Allongé dans son lit d'hôpital, Santiago a raconté son histoire aux journalistes. Il craignait d'être un jour « effacé » et tout raconter était le seul moyen de le protéger.

« La police va encore tout étouffer », a déclaré Ligaya Santiago, la mère de Francisco Santiago. « On ne peut compter que sur les médias. »

Lorsque le président ordonne aux forces de l'ordre d'exécuter des suspects de trafic de drogue, il devient difficile de vérifier les informations. Comme peu de personnes sont encore en vie pour raconter l'histoire, la plupart des indices se trouvent dans les rapports de police, a souligné Rauhala.

Grâce à un processus d'évaluation et d'analyse, les experts ont constaté que les rapports susmentionnés présentaient tous des points communs. Chaque nuit, la police philippine déploie des troupes pour mener des opérations antidrogue. Le lendemain matin, elle rédige des rapports sur des fusillades au cours desquelles des suspects de trafic de drogue sont abattus.

En règle générale, la police déclare avoir trouvé des armes et des paquets de shabu, une drogue bon marché populaire aux Philippines, sur les victimes. Malgré des échanges de tirs intenses, la plupart des policiers sont indemnes.

Pour Santiago, tout s'est passé exactement de la même manière, sauf qu'il a survécu. Les rapports de police relatent une arrestation orchestrée qui a dégénéré. Après avoir vendu du shabu à un policier infiltré, Santiago et un autre suspect, identifié comme George Huggins y Javellana, membre du tristement célèbre gang Sputnik, ont eu des soupçons et ont ouvert le feu sur les policiers.

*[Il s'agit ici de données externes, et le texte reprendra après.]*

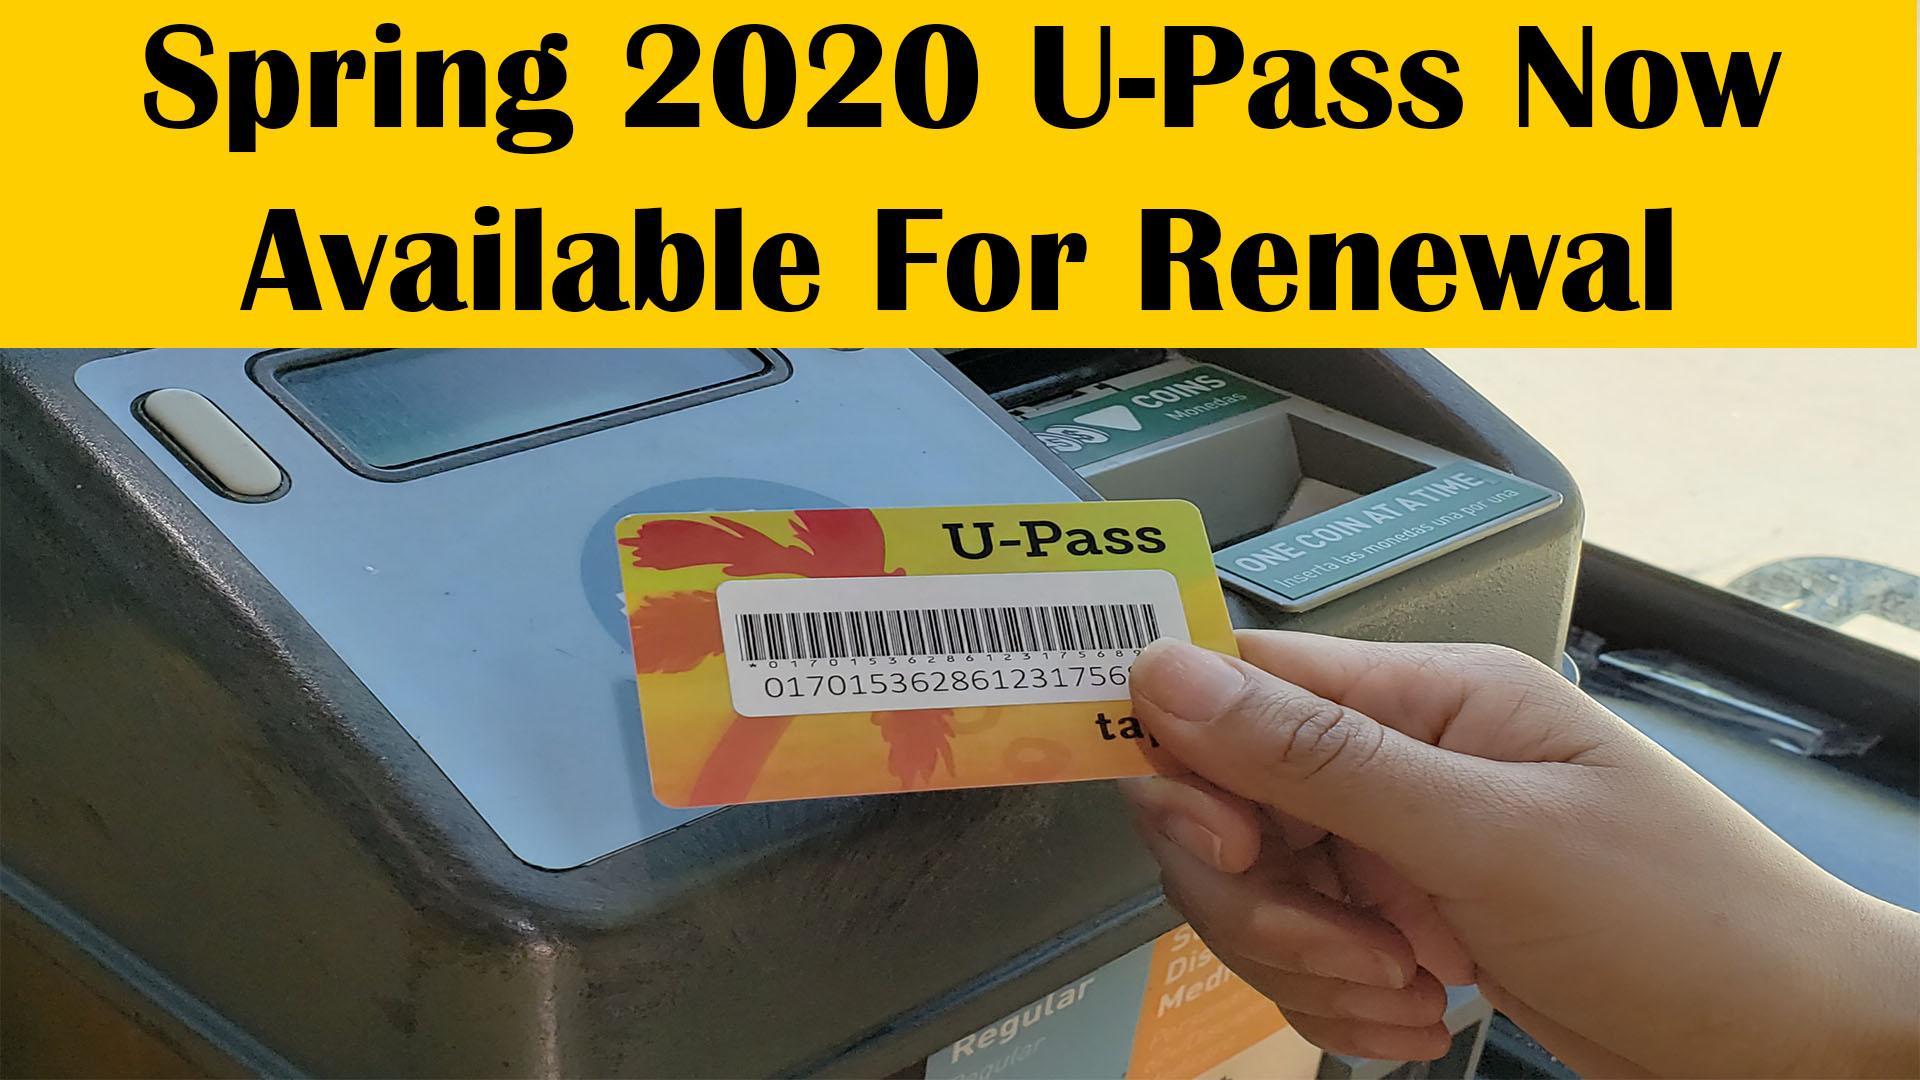 Spring 2020 U-Pass Information

Les policiers ont riposté, tuant Javellana et blessant Santiago. Ils ont ensuite rapporté avoir trouvé sur les lieux un pistolet de calibre .38, un pistolet de calibre .22 et trois sacs de shabu. Santiago a été transporté d'urgence à l'hôpital.

Santiago, cependant, a donné une version différente. Selon lui, vers midi, le 12 septembre, un policier en civil se faisant passer pour un client l'a emmené au deuxième étage d'un immeuble du quartier. Là, il a été contraint d'avouer être un délinquant lié à la drogue. Cette nuit-là, sous une chaleur étouffante, on lui a demandé de porter une veste noire.

Après minuit, Santiago et Javellana ont été abattus dans une rue sombre. Pendant que Santiago faisait le mort, les policiers ont laissé leurs armes à côté de lui. Ils ont omis de vérifier son pouls, a déclaré Santiago.

Une vidéo de surveillance montre Santiago se dirigeant vers le commissariat cet après-midi-là, vêtu d'une chemise blanche. Sur les photos prises sur place, Santiago porte une veste noire, inadaptée aux conditions météorologiques.

Selon le chef de la police philippine, Joel Coronel, Santiago était « une cible privilégiée sur une liste de surveillance des stupéfiants », mais le rapport de police ne le précise pas. Celia Nepomuceno, l'agente chargée d'identifier les suspects de trafic de drogue dans le quartier de Santiago, a également déclaré qu'il n'avait jamais figuré sur cette liste.

Mais cette distinction n'a pas suffi à empêcher Santiago d'être transféré de l'hôpital à la prison du policier qui lui a tiré dessus, a déclaré Santiago.

Carolyn Mercado, conseillère juridique principale au bureau de Manille de la Fondation Asie, a déclaré que des détails étranges comme ceux du cas de Santiago n'aident pas beaucoup.

Le président Duterte a promis de protéger les policiers responsables d'exécutions extrajudiciaires. « C'est une lettre ouverte qui invite chacun à tuer », a-t-elle souligné.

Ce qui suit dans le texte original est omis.